Over the weekend I was out climbing with a bunch of friends. It was one of those half social, half serious climbing trips where sitting around the campfire was as enjoyable as crimping edges on perfect Grampians orange stone. But one particular incident got me to thinking. I’d led a bunch of stuff on the Saturday and although I was pretty tired by the end of the day I figured that I’d sneak in just one last short sport-climb. All went well until after the crux, at the last bolt before the lower-off. I clipped the draw to the hanger but every time I tried to pull the rope up to clip in to the biner it would catch between my thigh and the rock. I was flustered and apparently snookered.
It was at this point that I realised I had to disregard the draw and continue on through to the top. The climbing wasn’t particularly difficult, the last bolt was just below my feet and I still had just enough juice left in the tank. The trouble was that every time I decided to go for it I suddenly felt an overwhelming desire to try and clip the draw instead. MUST….CLIP….DRAW…! MUST….CLIP….DRAW…! Eventually I burned all my fuel, lowered off and spent the rest of the afternoon kicking myself.

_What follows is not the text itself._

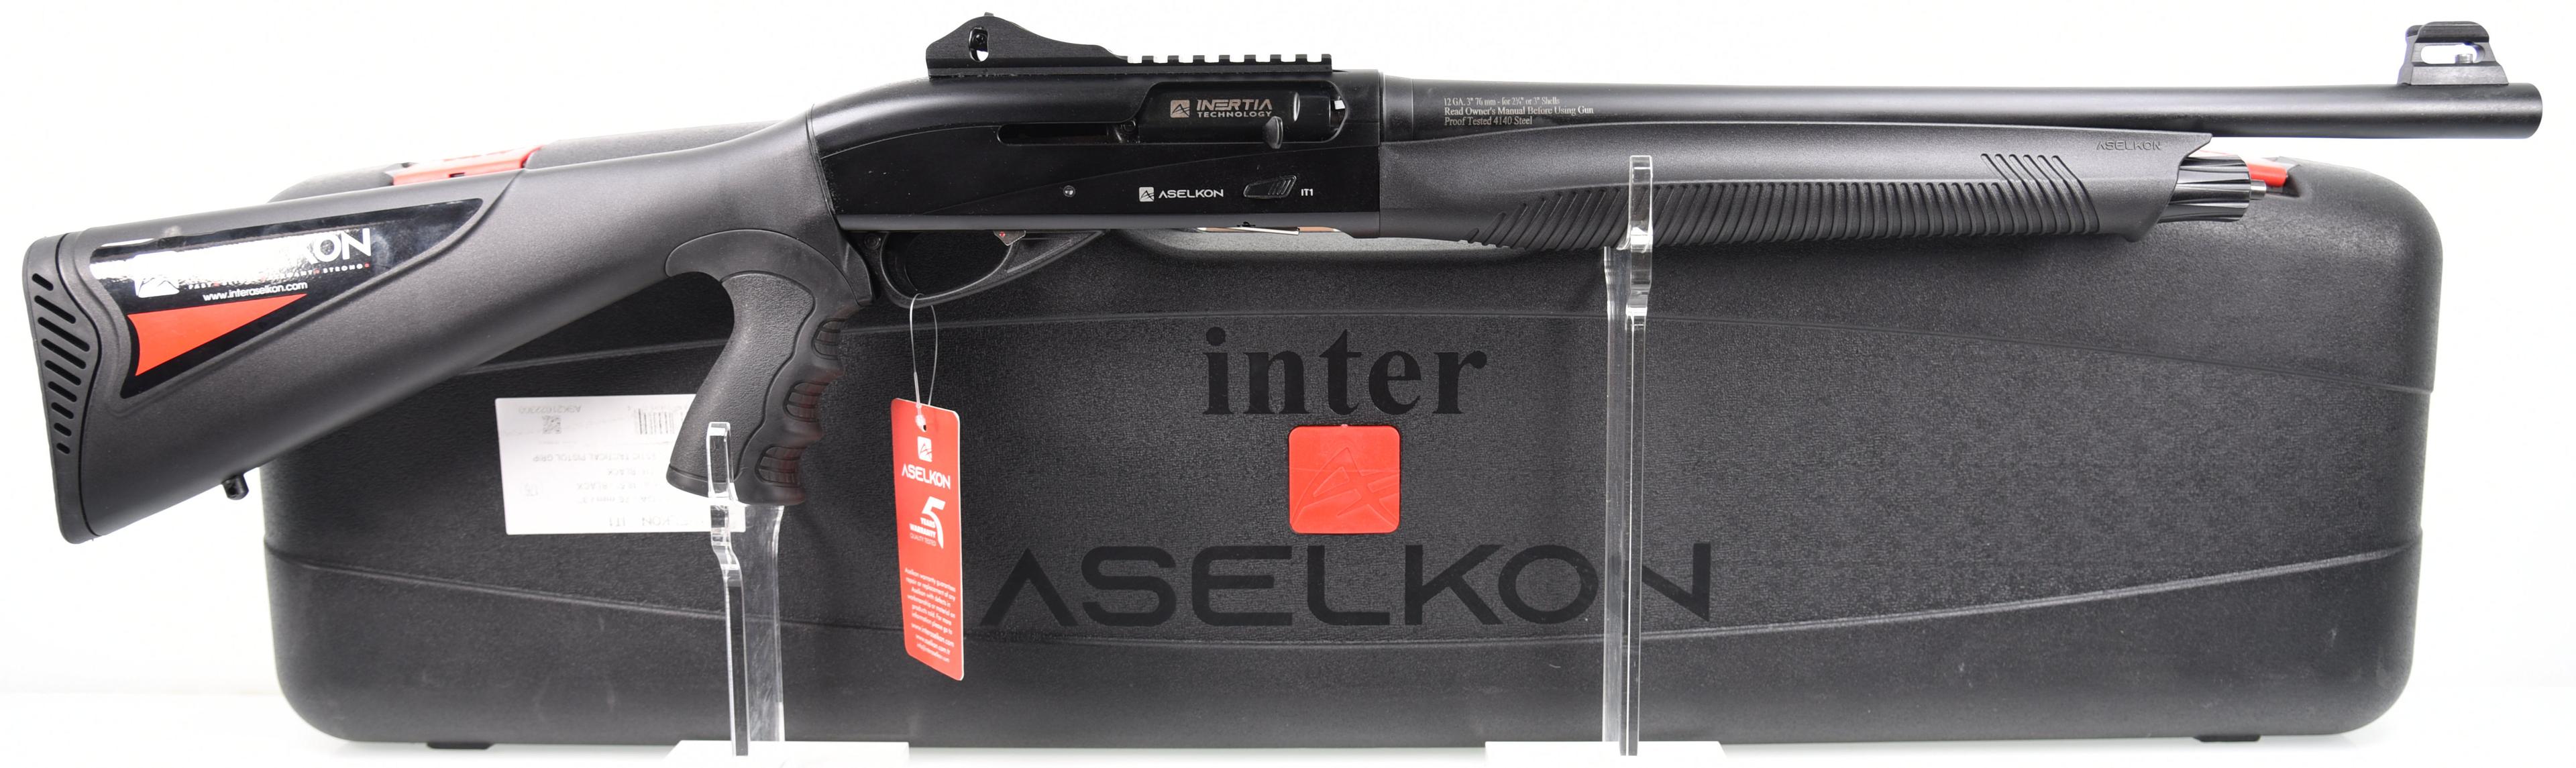 ASELKON/IMP BY ADCO CIA IT-1 Semi Auto Shotgun

So, to make myself feel better I dug out a couple of old photos of myself on the Thornton Viaduct, near Bradford in Yorkshire, England. The year was 1982 and I was staying with my grandparents, barely a stone’s throw from the viaduct itself. Over a few months during that summer I became obsessed with ticking one of those incredible arches. The one I eventually chose looked every bit as enticing as most of the local grit routes, but at 37m it had the advantage of being three times higher. I decided against scoping it out on a top-rope and planned to instead work my way up the pillar, getting a little higher each day and then reversing the moves to the ground. The initial 25m of the pillar wasn’t too technically difficult and I quickly worked out the best way to climb it. The real difficulties, however, were in the last 12m. Here the stonework was much finer and with correspondingly smaller holds. On an almost daily basis I would climb up to the top of the pillar and from it’s narrowest point push on upwards, sometimes solving only a single move before fear took hold of me and forced me to reverse back to the ground.

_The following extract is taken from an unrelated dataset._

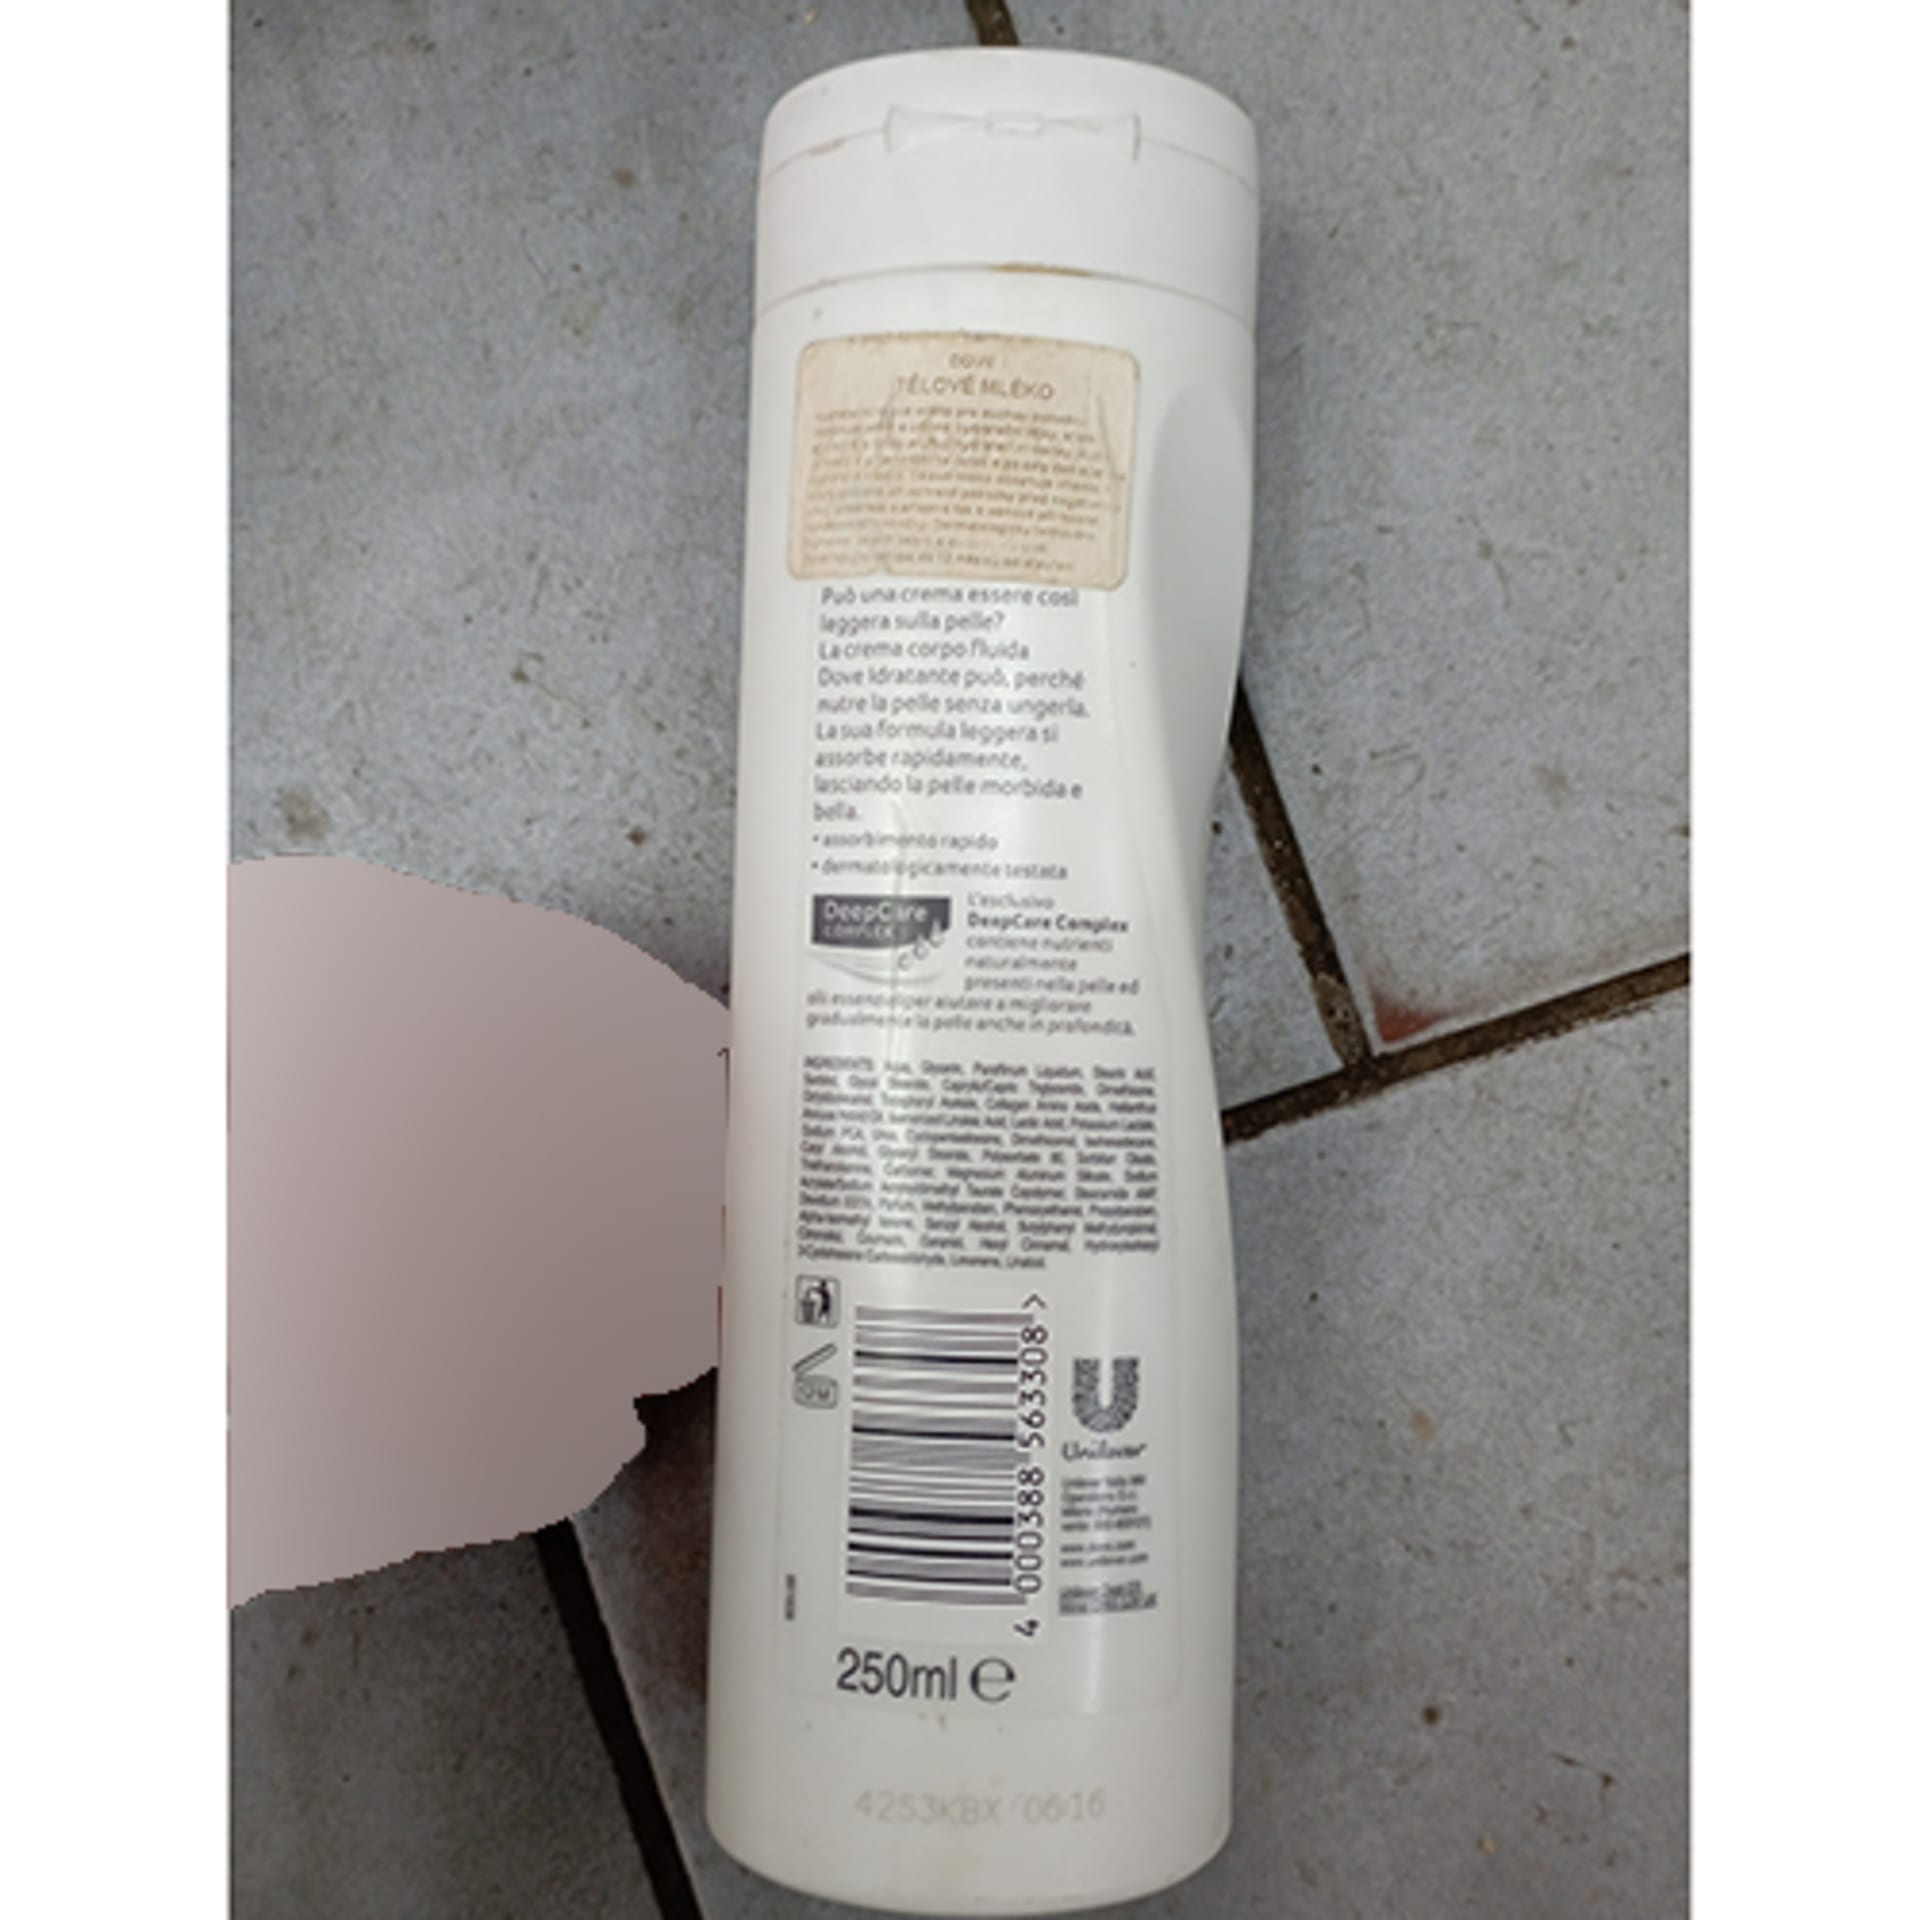 Látka je v tělovém mléku Dove s čárovým kódem 4000388563308, které je původem z Itálie.

On that last day I reached about 28m, still barely a couple of body lengths above the pillar’s narrowest point. By now I was at my psychological limit (a technical term meaning I was a hairs breadth away from shitting myself). From this point on the moves were substantially harder and I still wasn’t convinced that they were even possible. My Get Out of Jail Free card was the confidence I so far had in being able to reverse all the moves back to the ground, but now I had to make a decision. I either had to play my card one last time or tear it up and just go for it. There was no hesitation. I reversed all the way to the ground and never tried the pillar again.

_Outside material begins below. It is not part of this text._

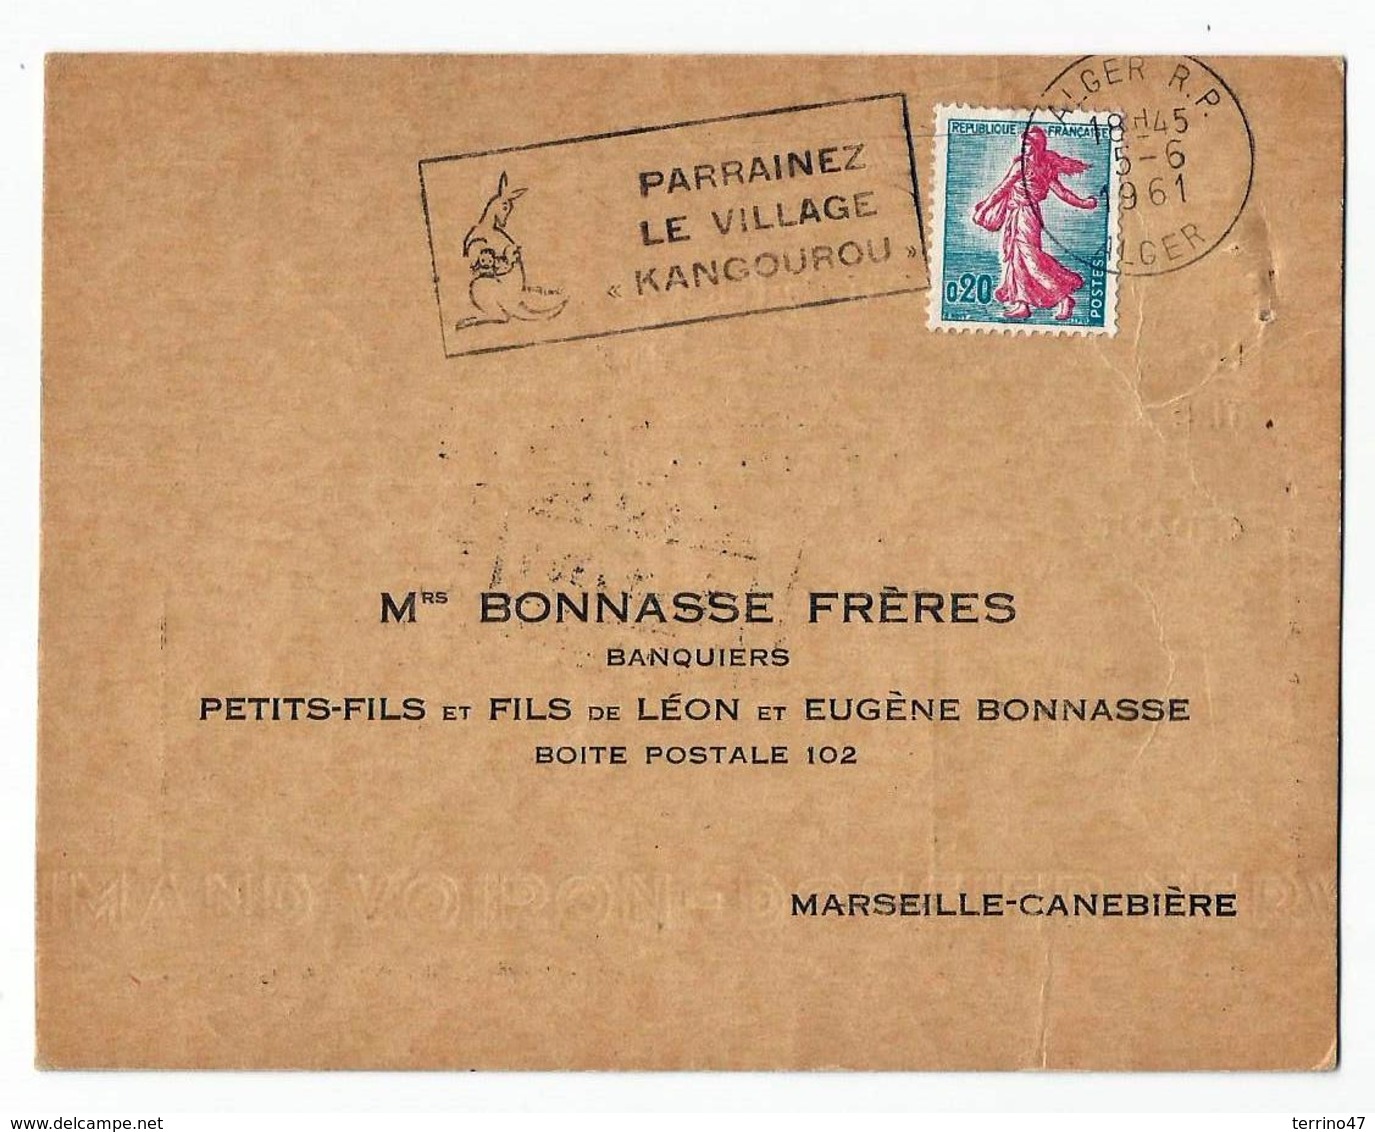 ALGER "Parrainez Le Village Kangourou" - Oblit. 5.6.1961 - Pour Bonasse Frères à Marseille- Canebière - Lettres & Documents

Which brings me back to the climb that I wimped off on the weekend. I’m convinced that if that draw hadn’t been dangling in front of my face I wouldn’t have hesitated. I would pulled on through. Done and dusted. Job done. But it was and I didn’t. But that really isn’t my point. My point is this. If my pillar had have had a row of bolts up it I really don’t think I’d have got anywhere near to the high-point I did. That’s because I would have probably worn a harness and carried a couple of draws (you know, just in case!) and then, already having set myself up for failure, I would have got to the very first hanger and heard that same old song: MUST….CLIP….DRAW…! MUST….CLIP….DRAW…!
Cool story – still working out what the moral is. Out of curiosity, why did you decide against top-roping it? Wouldn’t that have solved both problems? Or am I missing something.
Hi Steve. At the time I was going through an onsight soloing phase. Yeah I know, WTF was I thinking! As for the moral of the story… I’m trying to work it out as well.